LADWP Commissioners Okay Major Solar Project on Owens Dry Lake

DWP commissioners have approved a plan to build a 50 megawatt solar demonstration project on the Owens Lake bed.

owens_lakeAn LA Times article reports that the ambitious plan was approved by the LADWP board of commissioners on Tuesday. While Los Angeles bought vast tracts of land in the Owens Valley for the water rights, the city does not actually own the majority of the Owens Lake bed so the next step is to take the plan to the California State Lands Commission since the state owns the actual lake bed. DWP plans to ask for a categorical exemption from the California Environmental Quality Act review.

Citing the recent invitation only meetings with Interim DWP Manager David Freeman, the Times article states, City officials have taken special care to sell the idea to Owens Valley residents. In fact, Freeman never mentioned the ambitious project to those who attended private meetings, including the director of the Air Pollution Control District.

The proposal right now includes a 50 megawatt solar demonstration project on 616 acres of lakebed, but the Times reports that the project could expand to thousands of acres in the future.

The solar plan would be used in part to kill two birds with one stone. The department is already involved in major dust control efforts on the dry lake that currently uses about 90,000 acre feet of water a year to flood dusty areas. The times reports that DWP estimates that the solar project could save 2,460 acre feet of water per year, by using the solar arrays to keep the dust down.

The only currently approved dust control measures at the dry lake are water, vegetation and gravel. DWP has worked to get another no water dust control measure called moat and row approved to no avail so far. Air Pollution Control District Director Ted Schade said, Solar panels are not currently an approved dust control measure. Schade did say that in recent weeks, DWP indicated plans for a pilot project on five DWP acres while testing various aspects of solar panels, but he had not heard of the 616 acre pilot project.

The Times quotes Inyo County Administrator Kevin Carunchio as saying, Generally, the county has been looking at the potential for renewable energy projects to generate economic activity and fill the county coffers.
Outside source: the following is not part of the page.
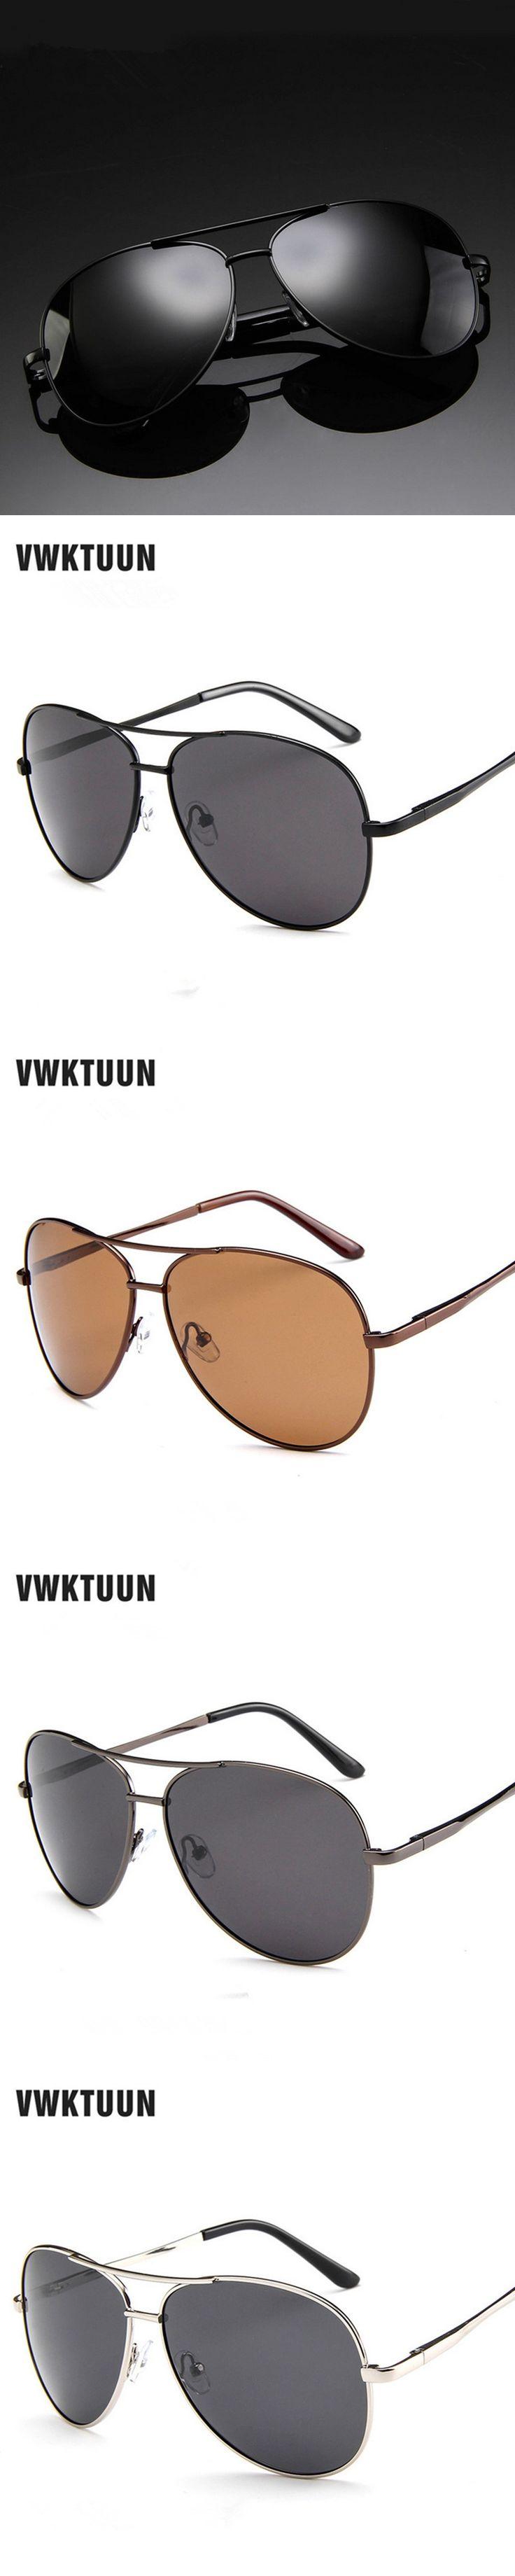 VWKTUUN Pilot Polarized Sunglasses Men Drivier Fishing Sun glasses For Mens Sports Outdoor Eyewear HD Lens Goggles Sun Shades

According to the Times, Mike Prather with the Eastern Sierra Audubon Society also showed general support for the plan saying, This small test project is in an area of the lake that has some of the least value for wildlife. It’s a good area to put a project, to see if you can make it work and fix the dust.”

What happens next is up to the State Lands Commission. Whether the State approves of the project without the environmental review is yet to be seen.

Staff from the Department of Water and Power is expected to attend the Inyo Supervisors meeting Tuesday to give an informational presentation to the public and the board.